(AMS, opini)
SEPANJANG tahun ini, pelemahan nilai tukar rupiah tak kunjung berhenti. Per Selasa kemarin (20/8/2013), nilai Rupiah sudah melemas, kurs tengah Rp.10.557 per-dolar AS. Dan nilai ini diyakini membuat cadangan devisa di Bank Indonesia bisa terus tergerus. Dan kalaupun ada langkah perbaikan neraca perdagangan yang dilakukan namun tak efektif, maka rupiah dipastikan akan terus jeblok terkapar. Sehingga tak salah jika kondisi ekonomi seperti ini dapat segera diwaspadai oleh masyarakat Indonesia.
‘’Hampir bisa dipastikan, tinggal menunggu waktu saja rupiah akan menyentuh pada level Rp.11.000 per dolar AS,” lontar Rizal Ramli selaku tokoh nasional yang namanya telah mendunia selaku Ekonom Senior, Rabu malam (21/8/2013).
Alasannya, kata Rizal, selain karena pasar sangat kecewa terhadap pidato SBY yang sangat tidak realistis dan tidak memberikan jawaban tentang apa yang harus dilakukan agar indikator-indikator ekonomi makro bisa diselesaikan, juga ada beberapa faktor yang membuat posisi rupiah terus anjlok. Antara lain terjadi defisit quatro, yakni neraca perdagangan -6 miliar dolar AS, defisit neraca berjalan -9 miliar dolar AS, defisit neraca pembayaran (N/P) -6,6 miliar dolar AS. Tak heran jika defisit APBN pun makin melebar karena diperparah pula dengan penerimaan pajak semester I 2013 yang tidak sesuai target. ‘’Anjloknya rupiah membuat impor BBM makin tinggi, sehingga membebani APBN,’’ katanya.

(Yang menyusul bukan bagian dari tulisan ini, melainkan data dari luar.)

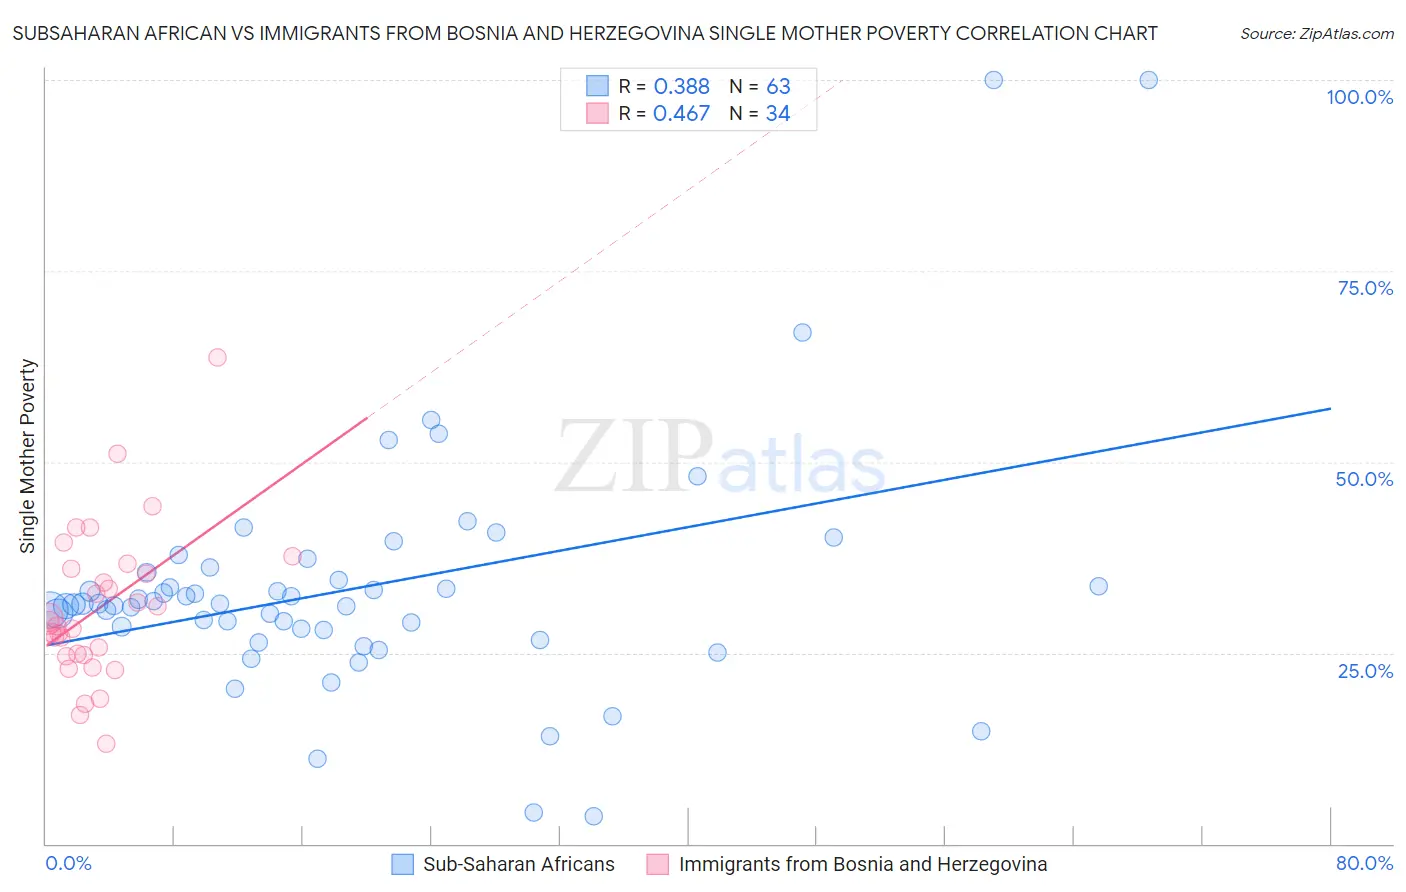 Subsaharan African vs Immigrants from Bosnia and Herzegovina Single Mother Poverty

Kondisi beban ini, kata Rizal, makin bertambah berat karena ada utang swasta sekitar 27 miliar dolar AS yang jatuh tempo. Dampak anjloknya rupiah ini juga akan merembes ke semua sektor, termasuk kemungkinan naiknya harga kebutuhan pokok masyarakat yang sumbernya lebih banyak berasal dari impor. Sehingga, Menko Perekonomian era Presiden Gus Dur ini memprediksi akan ada ronde kedua kenaikan harga pangan. “Sebelum lebaran kemarin sudah naik. Dan beberapa minggu pasca-lebaran ini bisa naik lagi. Dan tentulah, hal ini benar-benar memukul ekonomi rumah tangga sebagian besar rakyat Indonesia,’’ ujarnya.
Kondisi moneter saat ini, katanya, berbeda dengan situasi ekonomi Indonesia pada 2008. Kala itu, fundamental ekonomi Indonesia sangat bagus yang ditandai dengan kondisi neraca perdagangan dan neraca pembayaran yang sempat surplus, sehingga dampak resesi ekonomi AS tak berpengaruh buat Indonesia kala itu.
Saat ini, lanjut Rizal Ramli, beberapa indikator makro ekonomi juga semakin negatif. “Jika tidak hati-hati, maka bisa meningkatkan ketidakstabilan ekonomi, dan membuat ekonomi kita memasuki lampu merah. Ini masalah serius. Itulah bom waktu dari neoliberalisme era SBY ini,” ujar Rizal Ramli seraya mengaku bingung: bahwa apa saja selama ini yang dilakukan oleh pemerintah? Apakah pemerintah tidak mampu membaca gejala terjadinya pembekakan defisit di dua tahun lalu sehingga sampai hari ini tak jua ada langkah-langkah antisipatif untuk melakukan upaya antisipatif?
Sehingga tak keliru jika seorang Dosen Fisip Universitas Airlangga, Eddy Herry, spontan melakukan “Sebuah Seruan moral untuk Indonesia” (via SMS). “Seruan untuk Indonesia: Kinerja ekonomi Pemerintah, kacau! SELAMATKAN INDONESIA pilih RIZAL RAMLI (Ekonom kelas dunia/Penasehat PBB sebagai NEXT PRESIDEN RI,” demikian isi SMS Eddy Herry yang kini juga selaku Direktur Pusat Kajian Transformasi Sosial (PsaTS) di Lembaga Penelitian dan Pengabdian Masyarakat (LPPM) Unair.
Sementara itu, menurut anggota Komisi XI DPR Arif Budimanta, kondisi ekonomi Indonesia yang buruk saat ini merupakan data riil yang menggambarkan kegagalan pemerintah. “Kegagalan menggenjot produktivitas nasional untuk memenuhi kebutuhan konsumsi dalam negeri. Pada sisi lain, pertumbuhan ekonomi Indonesia masih saja bertumpu pada konsumsi,” ujar Arif Budimanta, seperti yang dilansir oleh bisnis kompas.com.